> Task requirements
Verbatim copy, images omitted: return the full listing.

---------- Stored data

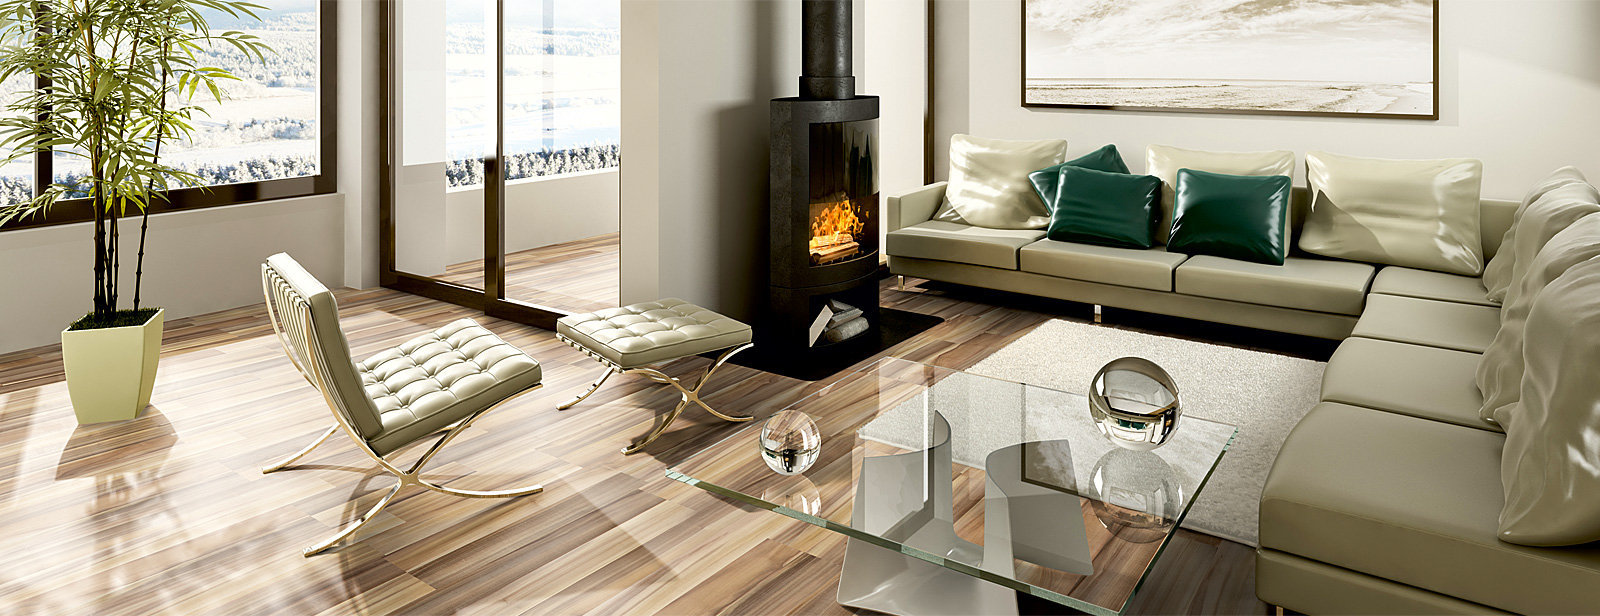 Podlaha v obývacím pokoji
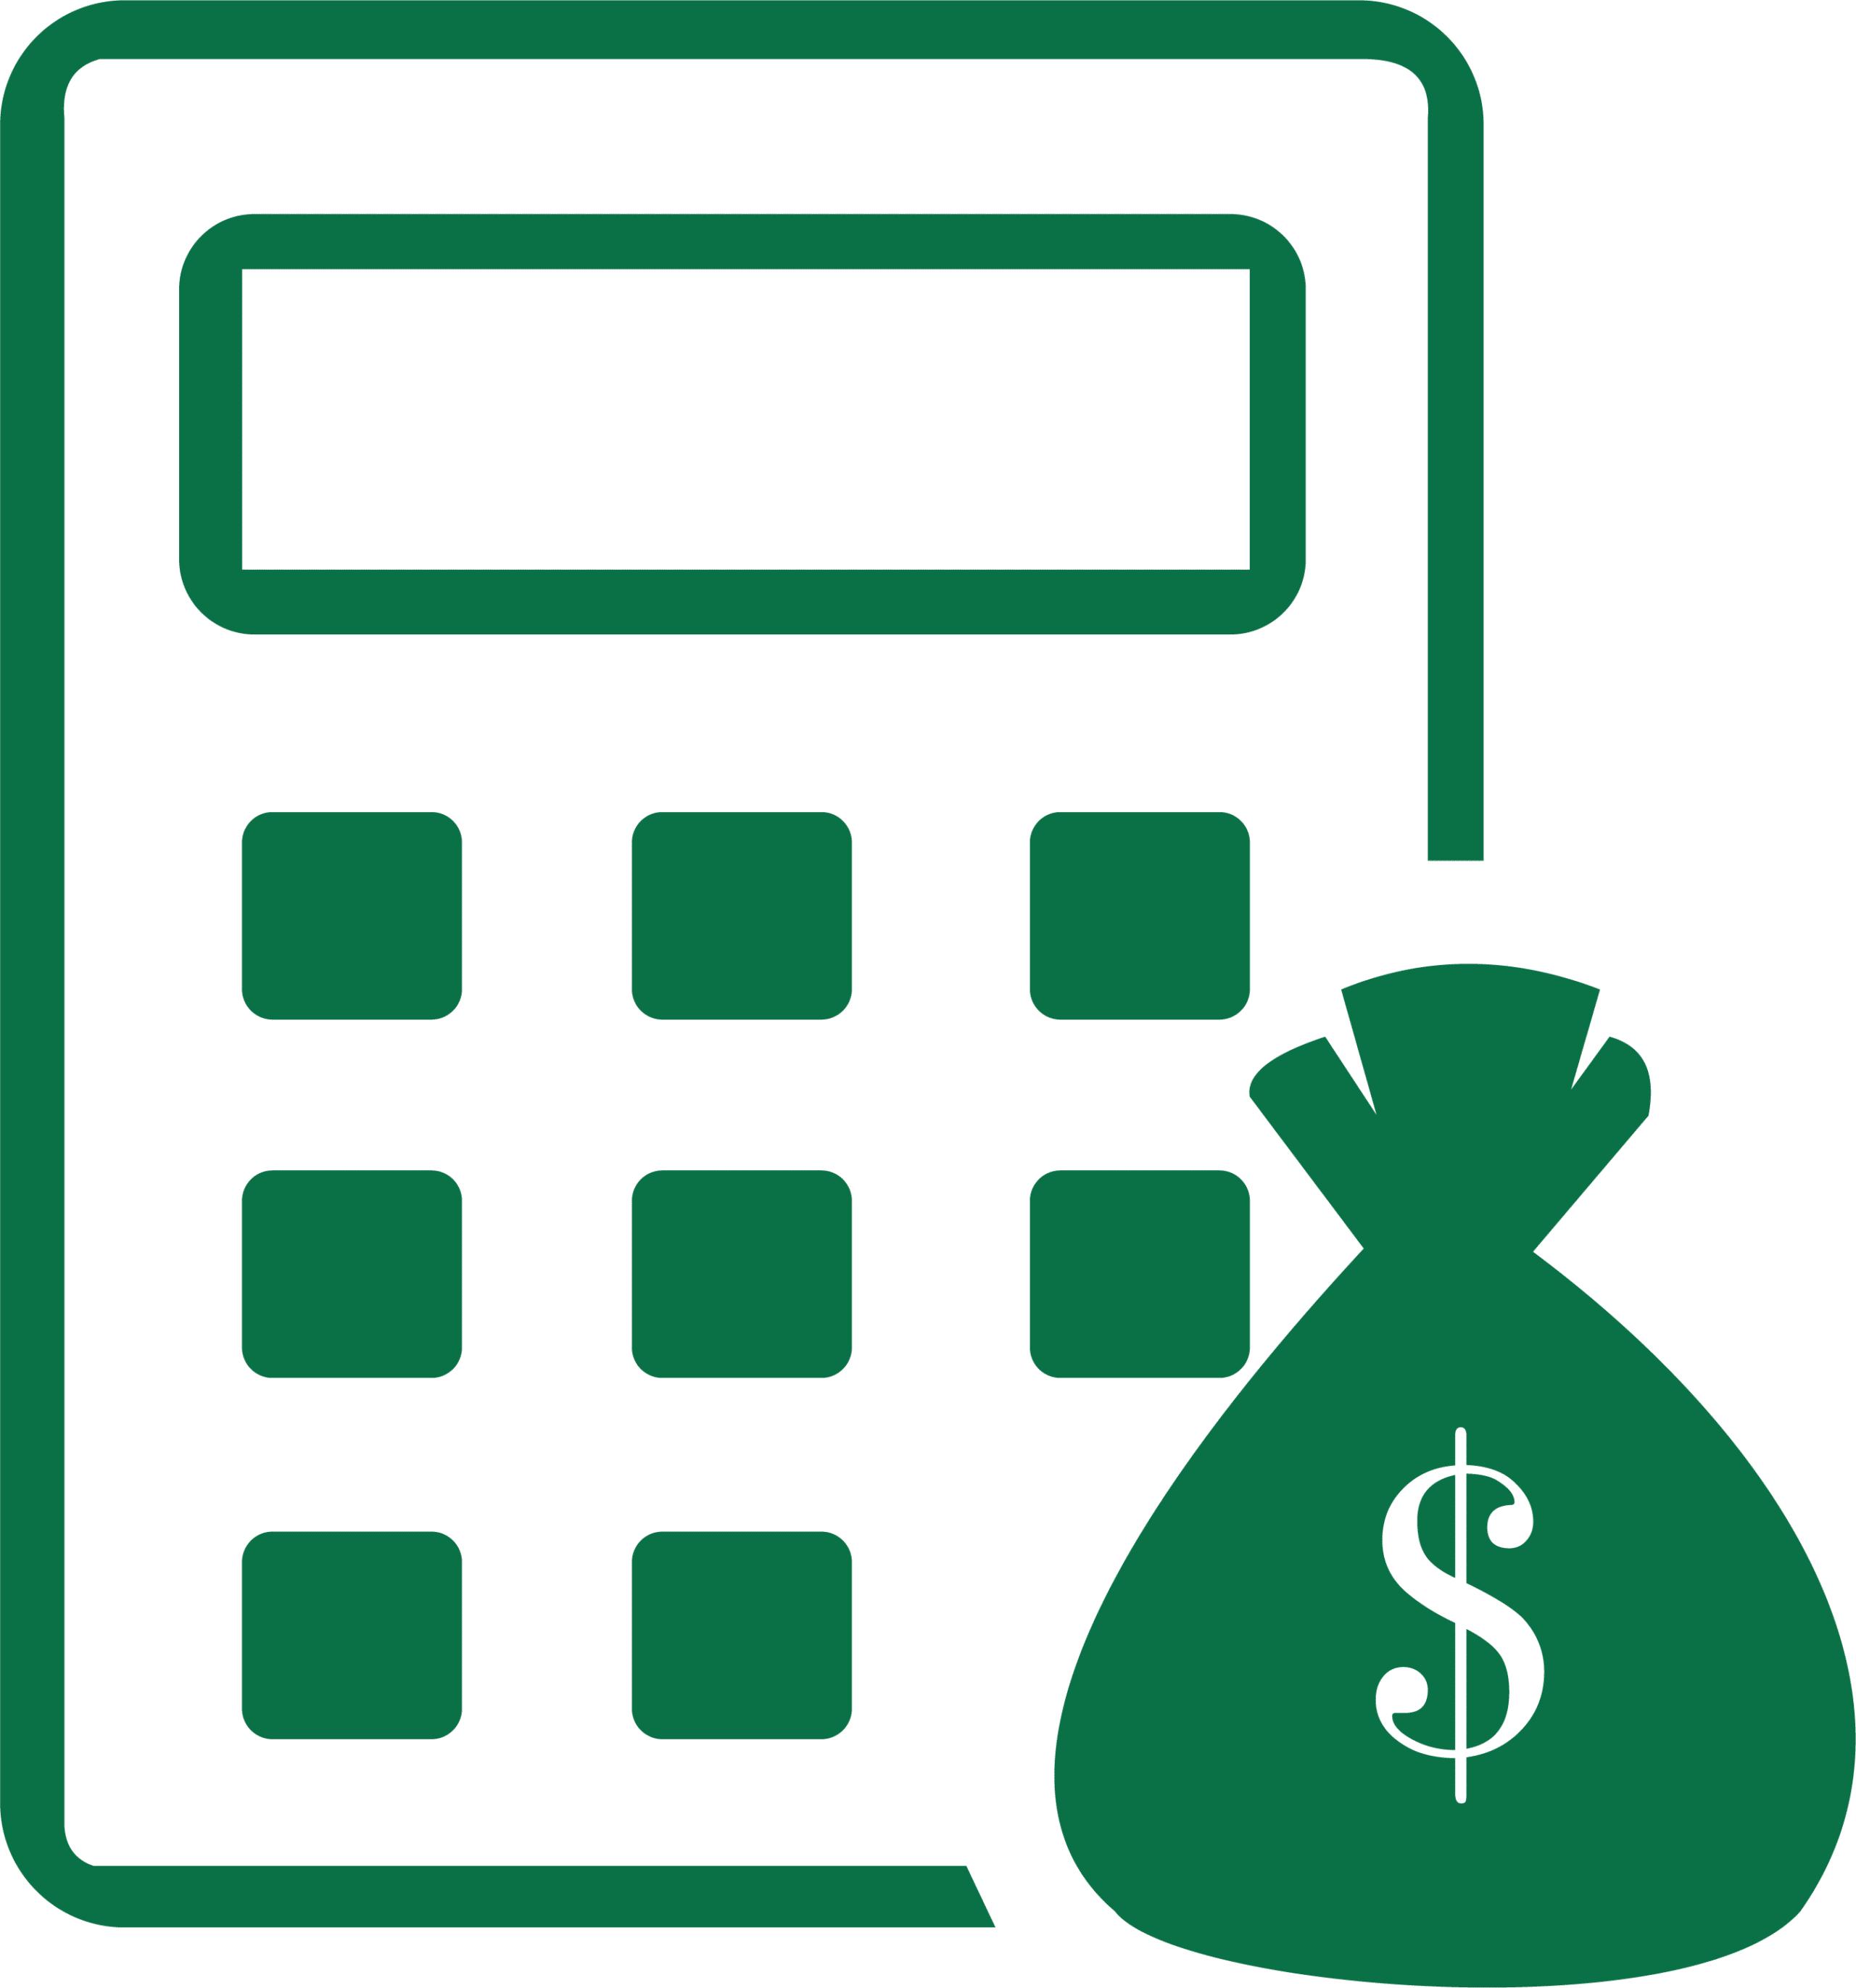 AccountStaff finance professionals graphic - calculator and bag of money graphic
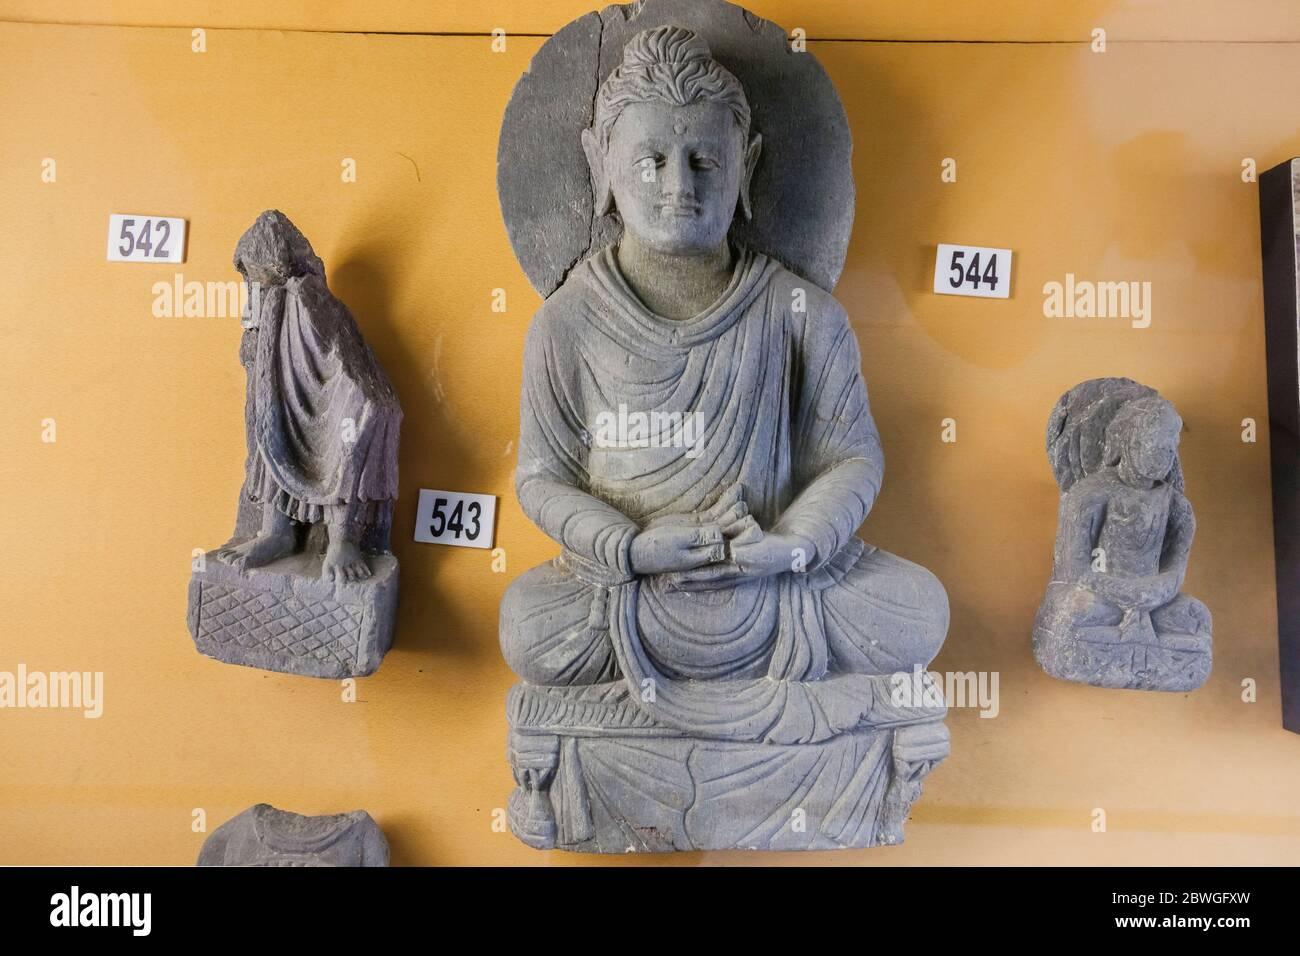 Stone Carving Gandhara Buddha Statue Swat Museum Mingora Swat Khyber Pakhtunkhwa Province Pakistan South Asia Asia Stock Photo Alamy
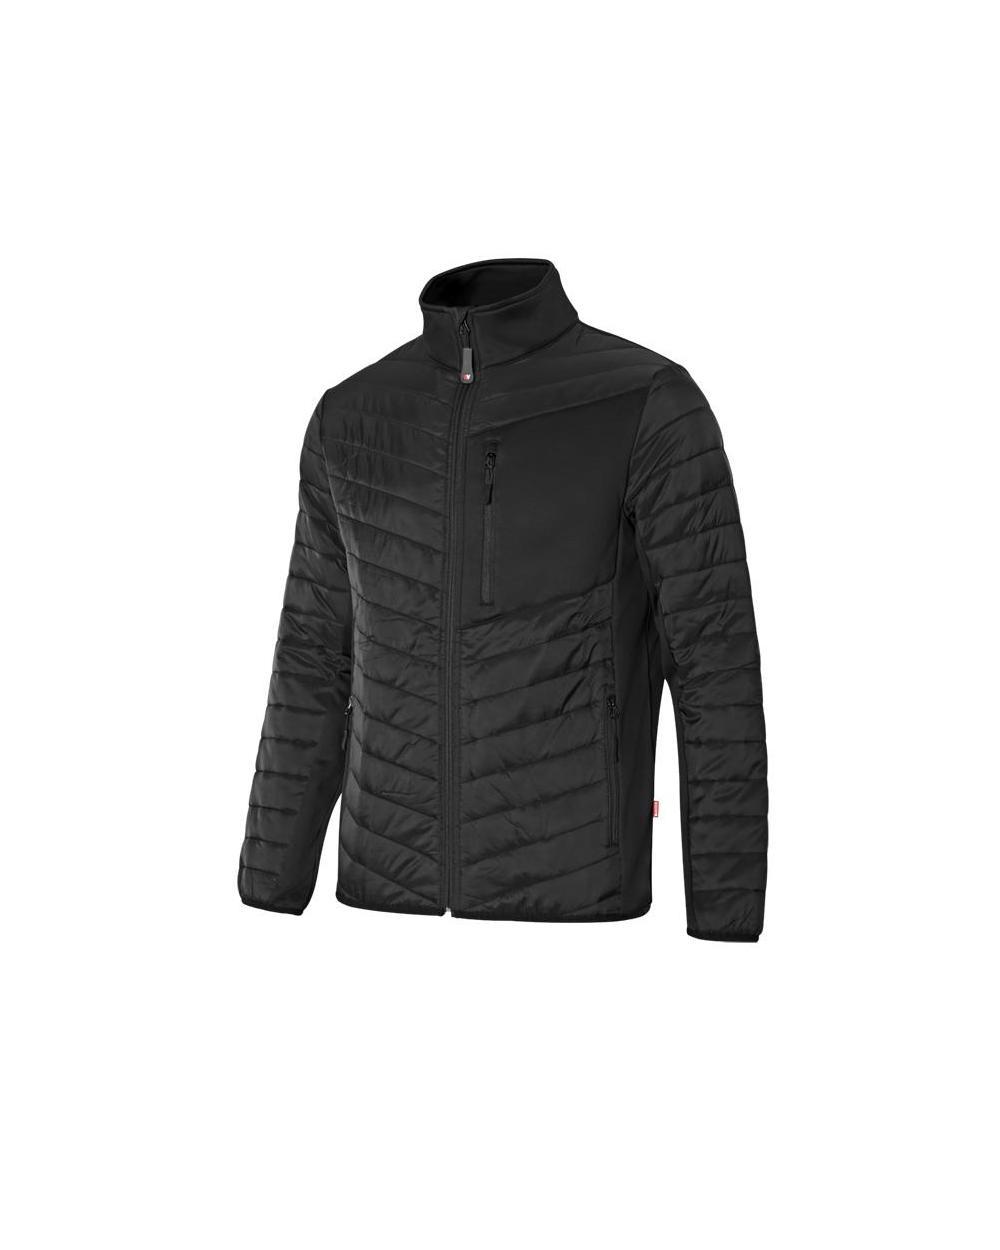 Comprar Chaqueta ligera acolchada serie 206009 online barato Negro/Negro

--------------------

> Completed exercise
 Podlaha v obývacím pokoji
 AccountStaff finance professionals graphic - calculator and bag of money graphic
 Stone Carving Gandhara Buddha Statue Swat Museum Mingora Swat Khyber Pakhtunkhwa Province Pakistan South Asia Asia Stock Photo Alamy
 Comprar Chaqueta ligera acolchada serie 206009 online barato Negro/Negro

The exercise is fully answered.